To answer this question, we reviewed scientific, peer-reviewed articles published between 1995 and 2010 using data from 3 commonly used nationally representative adolescent health surveys: National Longitudinal Study of Adolescent Health (Add Health),8 Monitoring the Future (MTF),9 and Youth Risk Behavior Surveillance System (YRBS).10 More specifically, we reviewed articles to assess how frequently researchers reported the use of design effects and sampling weights when publishing findings based on data derived from these complex health surveys. We decided to focus on the reporting of the use of these “basic ingredients” of secondary analysis of complex health survey data because that is the only way for readers to ascertain if the necessary analytic techniques were included in the analysis of the survey data.
METHODS
Unlike primary research studies, in which the population of interest is a population of individuals, the population of interest for systematic reviews is a specified group of research studies. For the current study, the population of interest consisted of scientific, peer-reviewed, published articles using data from Add Health, MTF, and YRBS during the 16-year period from January 1995 to December 2010. We searched PubMed, PsychINFO, ERIC, and Web of Science using different key terms specific to each survey. For Add Health, we searched each electronic database using “National Longitudinal Study of Adolescent Health” and “Add Health” as key terms; for MTF, we searched using “Monitoring the Future” and “MTF”; for YRBS, we searched using “Youth Risk Behavior Surveillance System” and “YRBS.” We read the abstract for each article generated from our searches to determine whether the article met our inclusion criteria.
To be selected, an article must have (1) presented findings based on original empirical research using data from at least 1 of the 3 health surveys of interest (Add Health, MTF, or YRBS) and (2) been published in a scientific, peer-reviewed journal. For the purposes of this review, articles published in the Morbidity and Mortality Weekly Report (MMWR) were excluded. Although the MMWR is a scientific publication, articles included in each issue are not subjected to the standard peer-review process, so they did not meet the inclusion criteria. Through this selection process, we identified and reviewed a total of 1003 articles that met the inclusion criteria: 765 articles using Add Health data, 146 articles using MTF data, and 92 articles using YRBS data.
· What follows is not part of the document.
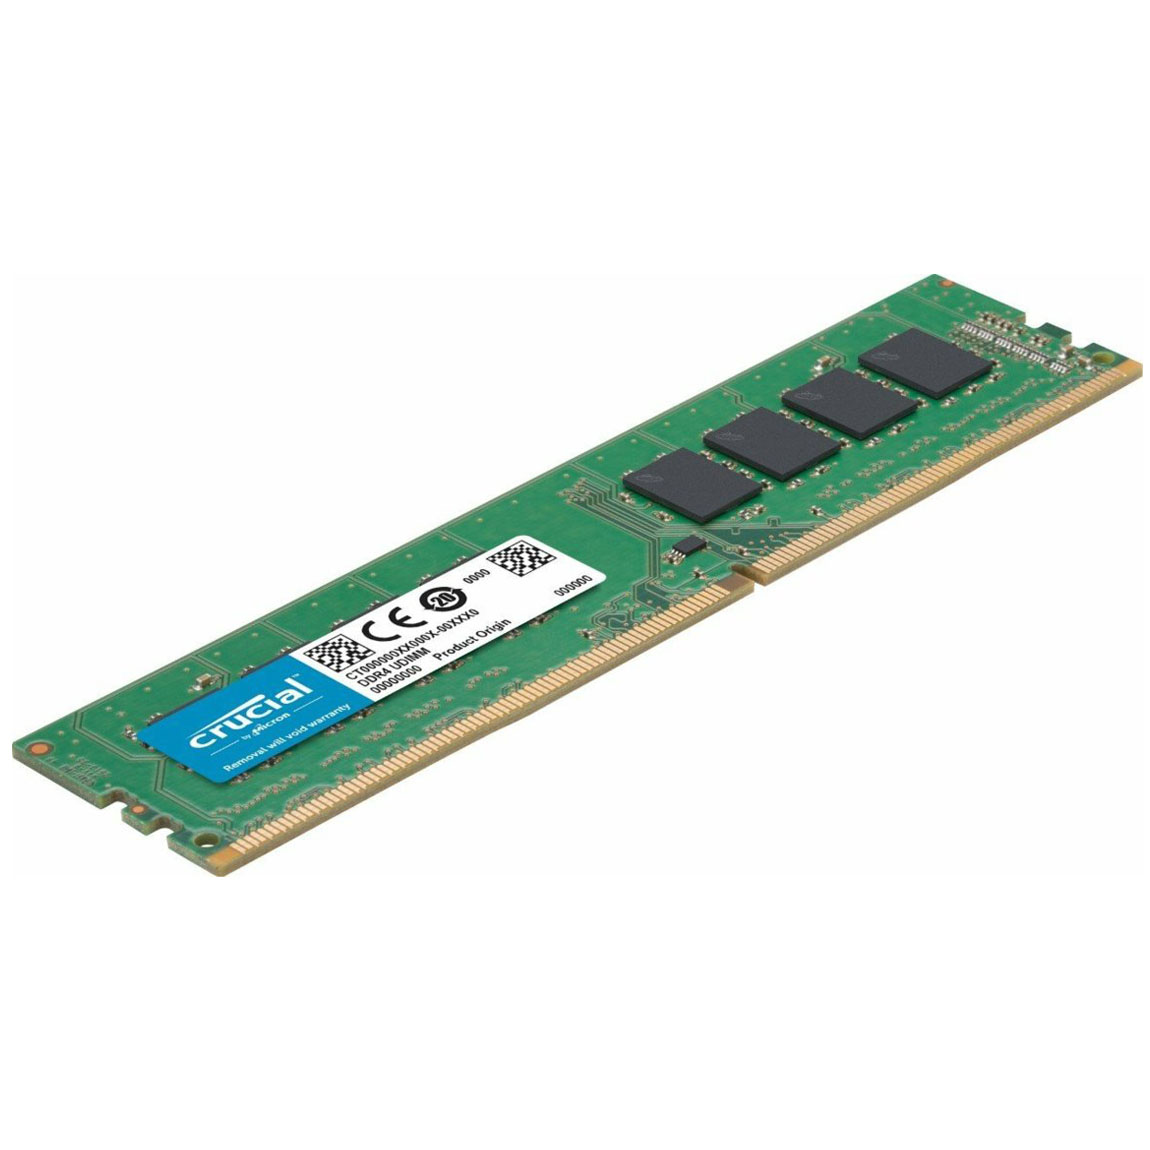 رم دسکتاپ DDR4 تک کاناله 2666 مگاهرتز CL19 کروشیال مدل CT8G4DFRA266 ظرفیت 8 گیگابایت main 1 1

Before reviewing the articles, we developed and pilot tested a code sheet. Each author independently reviewed the same article and then met as a group to discuss coding decisions. There was no discrepancy in the coding decisions; therefore, all reviewers felt comfortable proceeding to review independently their assigned articles. The article that the lead author selected for the pilot test was one in which she felt it was moderately difficult to determine whether the authors reported accounting for design effects and the use of sample weights (i.e., an article that did not include “model” language that clearly identified these 2 elements in the Methods section). Reviewers also collaboratively developed the list of key words used in the electronic search of each article.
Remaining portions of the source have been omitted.